→ **Dataset entries**
== Segment start ==
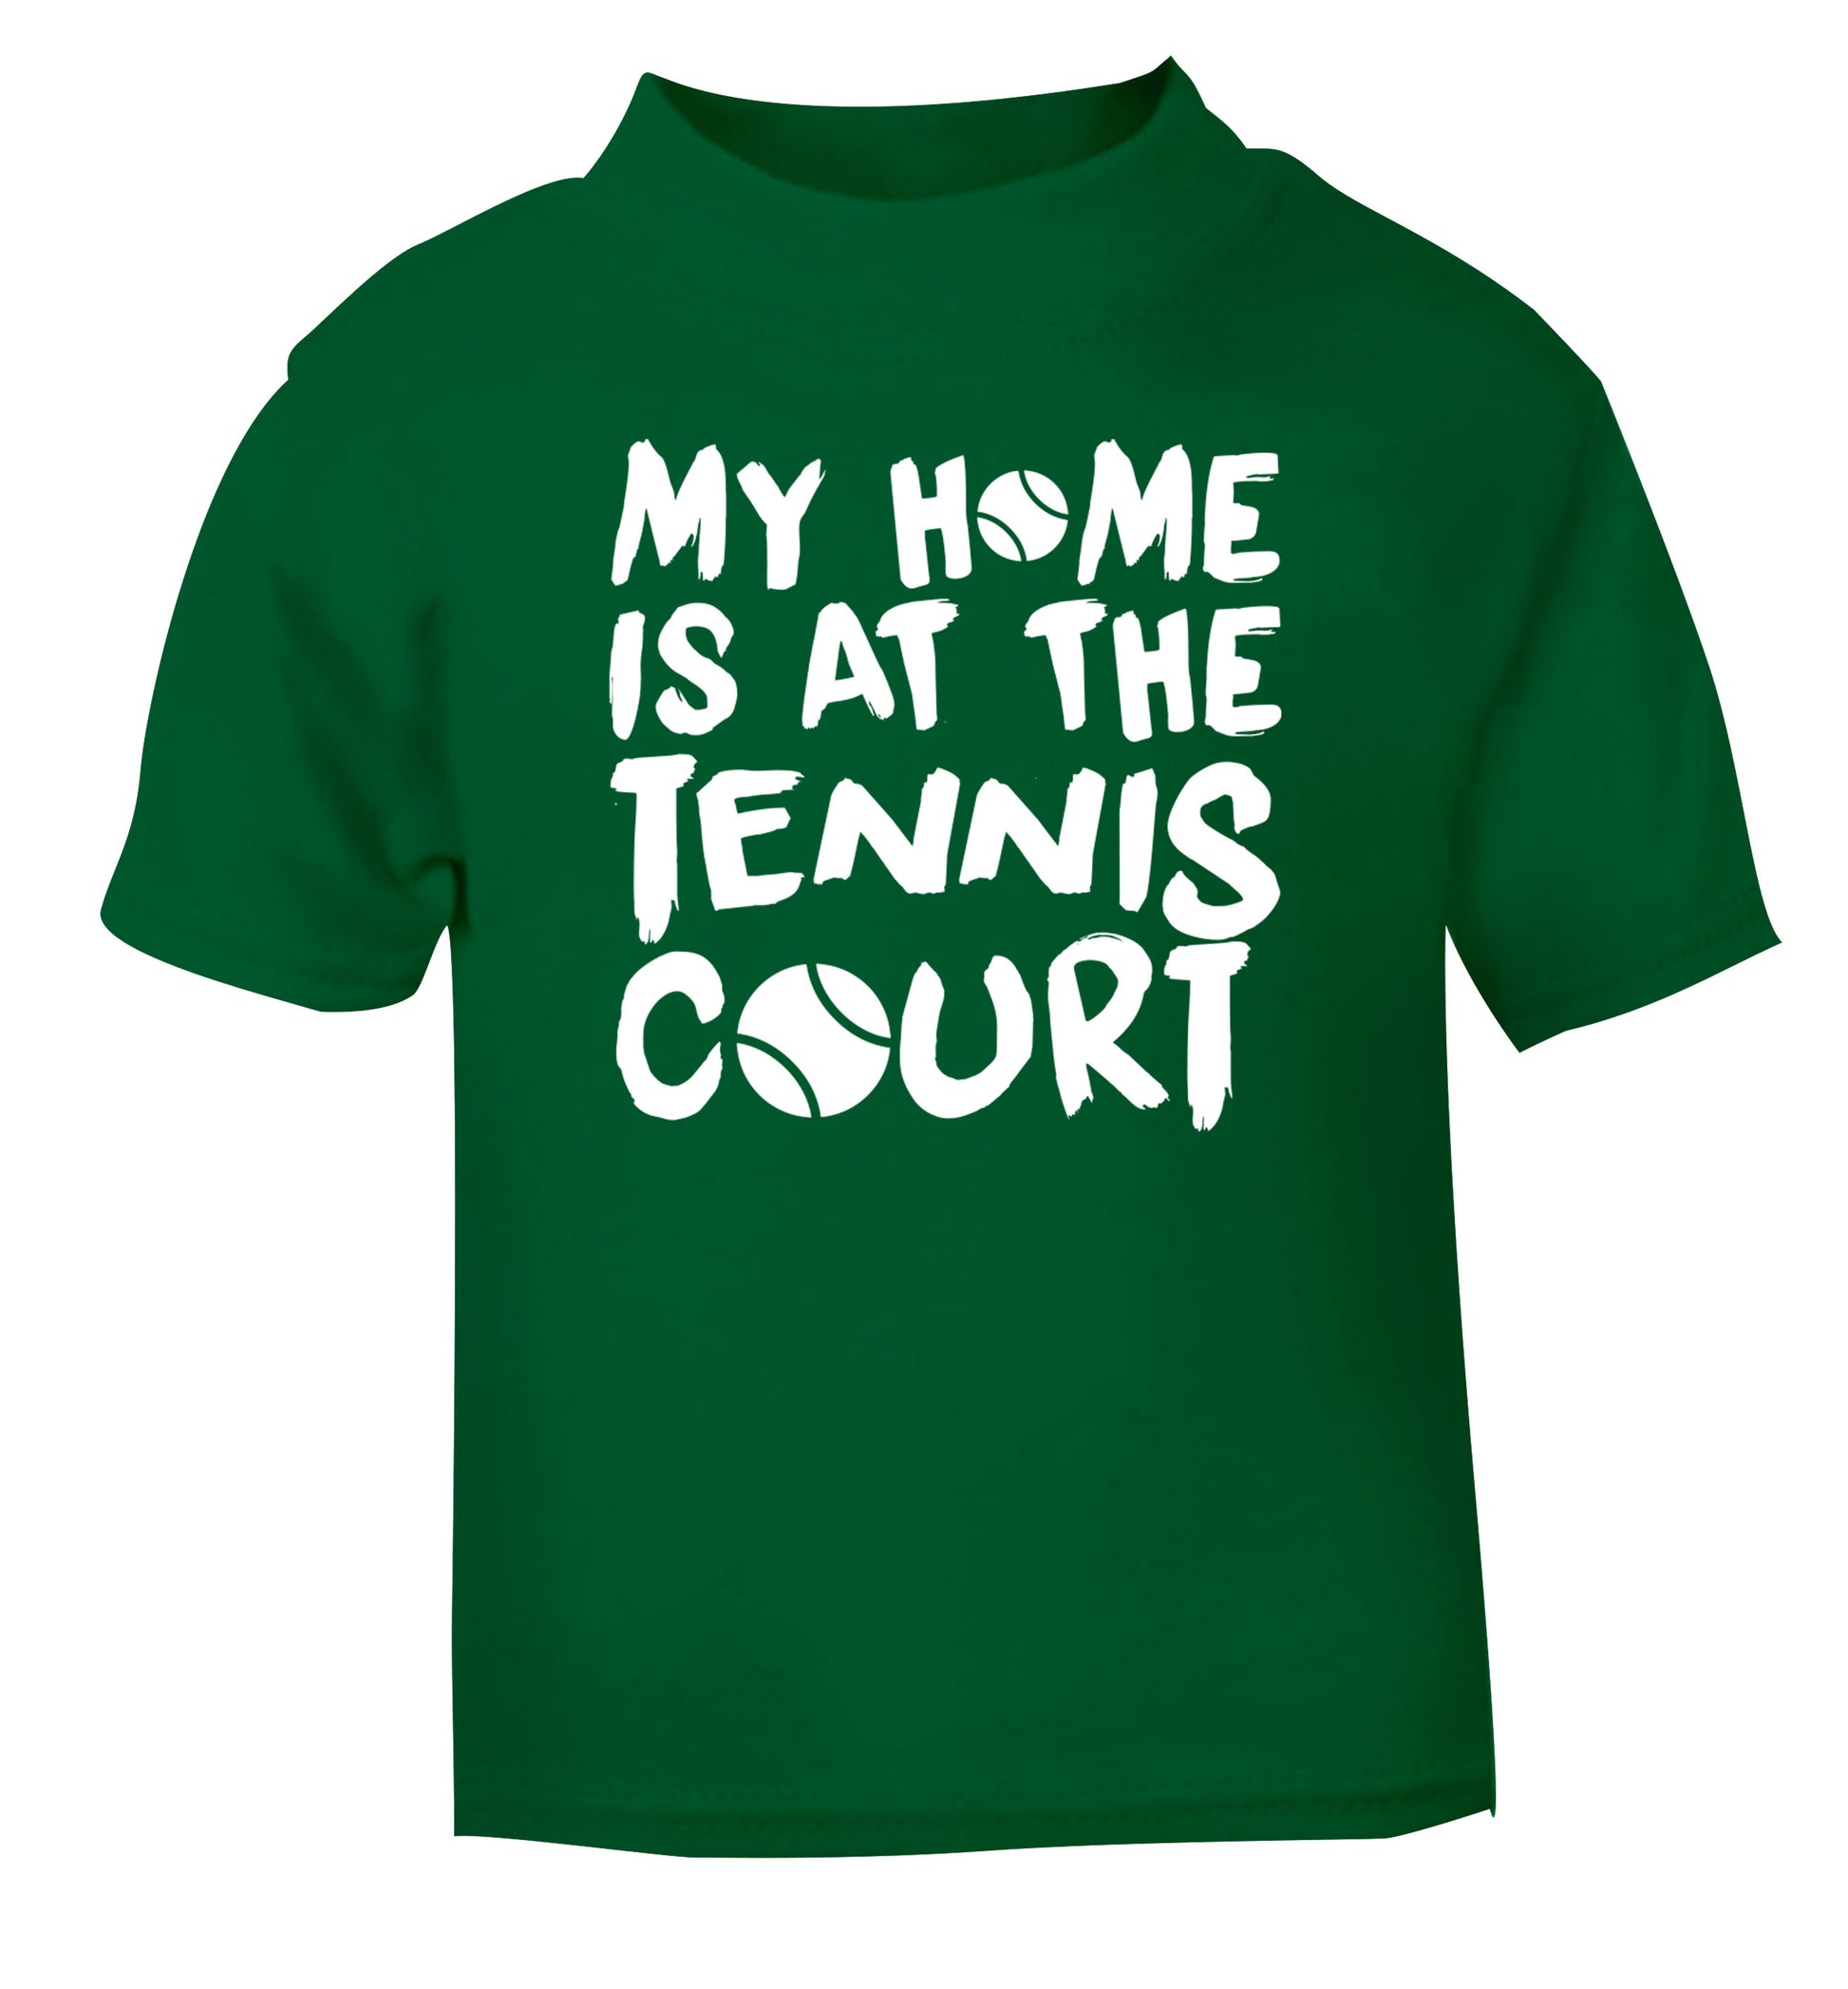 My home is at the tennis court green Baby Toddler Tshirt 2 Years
== Segment end ==
== Segment start ==
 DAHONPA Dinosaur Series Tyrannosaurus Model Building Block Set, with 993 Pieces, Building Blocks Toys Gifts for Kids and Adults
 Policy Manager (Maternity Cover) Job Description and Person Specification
== Segment end ==
→ **Your assignment**
Give again exactly, and only, the lines above starting at the one with "DAHONPA Dinosaur Series" and ending at the one with "Policy Manager (Maternity".

→ **Result of this exercise**
 DAHONPA Dinosaur Series Tyrannosaurus Model Building Block Set, with 993 Pieces, Building Blocks Toys Gifts for Kids and Adults
 Policy Manager (Maternity Cover) Job Description and Person Specification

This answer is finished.